Patient management and this conduct of retrospective study were performed in accordance with the Helsinki Declaration, as revised in 2013 [7], and the International Ethical Guidelines for Health-related Research Involving Humans [8]. This study does not constitute research involving humans within the meaning of Article R1121-1 of the French Public Health Code, because its purpose is in the public interest of research, study, or evaluation in the field of health “conducted exclusively from the exploitation of the processing of personal data”. This methodology, as well as the retrospective nature of the study, was approved by the Méditerranée Infection independent ethics committee (No. 2021-015). In accordance with European Regulation No. 2016/679, known as the General Data Protection Regulation (GDPR), the protocols were registered in the hospital’s GDPR registry under numbers 2020-151 and 2020-152, and all patients were informed of the potential reuse of their data through the Institute’s information procedure, which informed them of their right to object via the MyAPHM online portal and/or by post or email addressed to the establishment’s Data Protection Officer.
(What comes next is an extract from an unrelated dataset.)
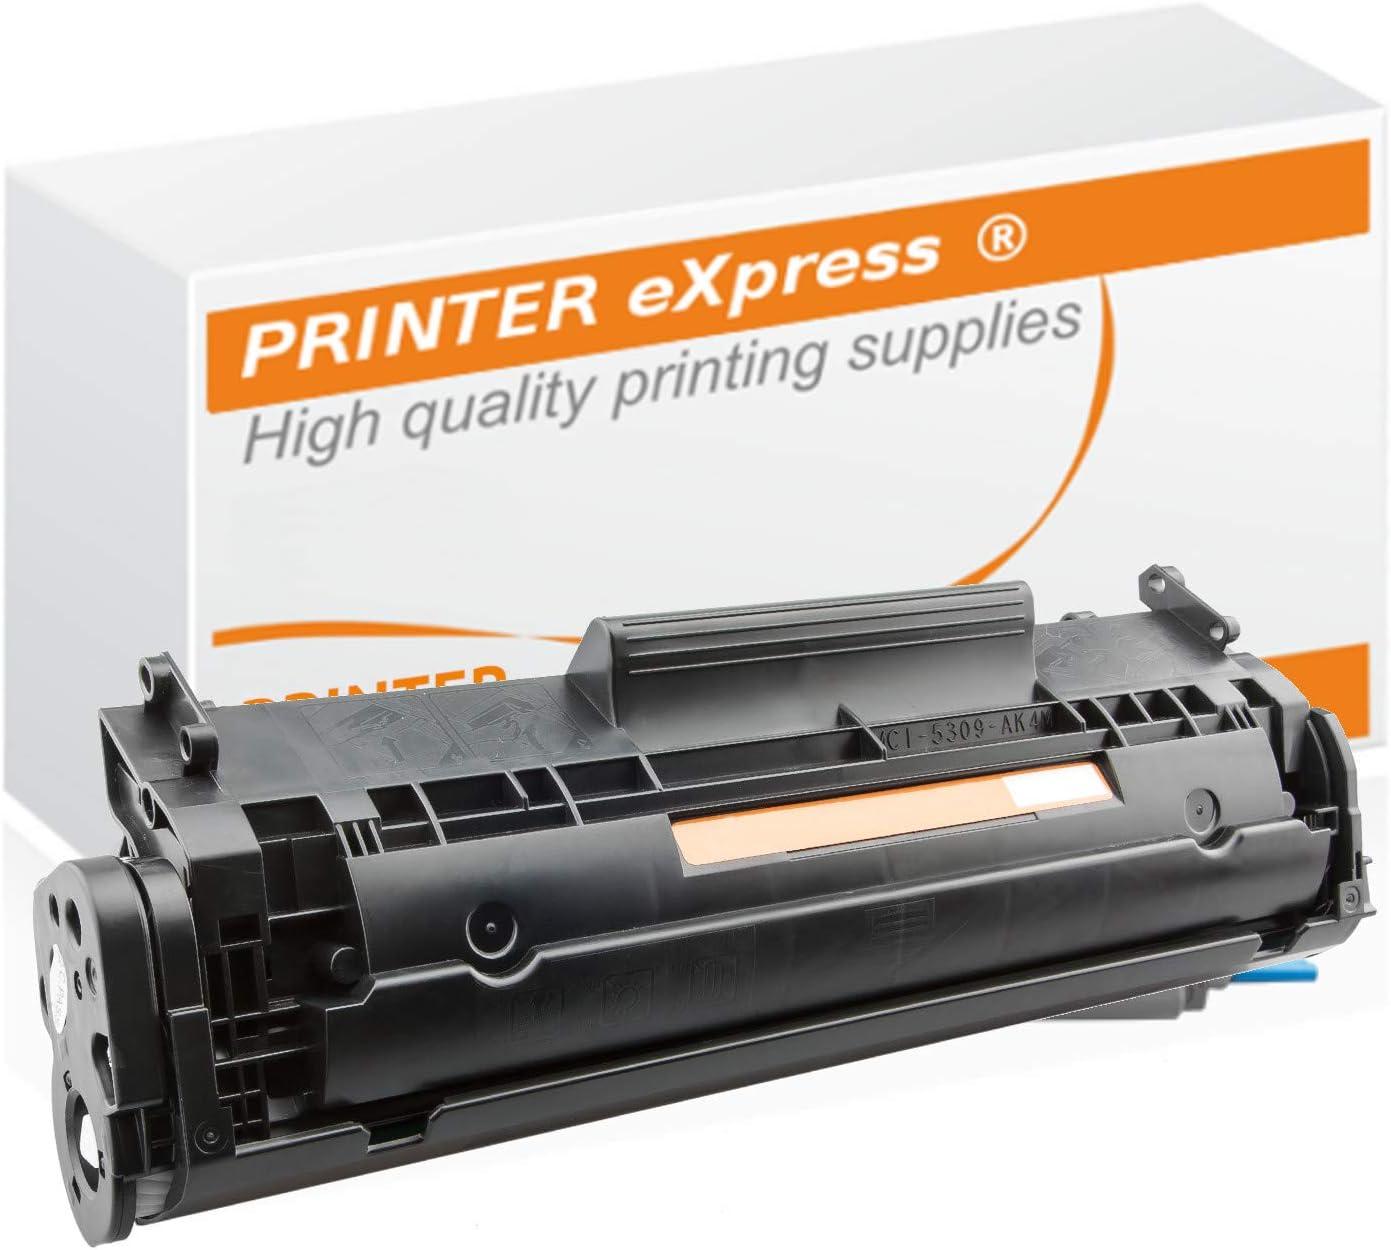 Printer Express Xxl 2 100 Seiten Toner Kompatibel Mit Hp Q2612a 12a Q2612x 12x 2612 Für Laserjet 1010 1012 1015 1018 1020 1022 3015 3020 3030 3050 3052 3055 Schwarz Bürobedarf Schreibwaren

Patients who objected to the use of their data were excluded before data were collected and extracted from the information system.
We performed an external validation of our dataset using data from the French National Hospital Database (PMSI). The PMSI is a medical-administrative database that gathers data on hospitalisation which are communicated on a monthly basis by all public and private hospitals in France [9]. Data are uploaded by each hospital to a secure national platform managed by the French Agence Technique de l’Information sur l’Hospitalisation (ATIH). A physician from AP-HM, responsible for medical information and evaluation, extracted data from the PMSI database for all patients treated for COVID-19 in our centre between 2 March and 31 December 2021. Using the IPP reference, we were able to merge our dataset with the data extracted from PMSI (Figure 3).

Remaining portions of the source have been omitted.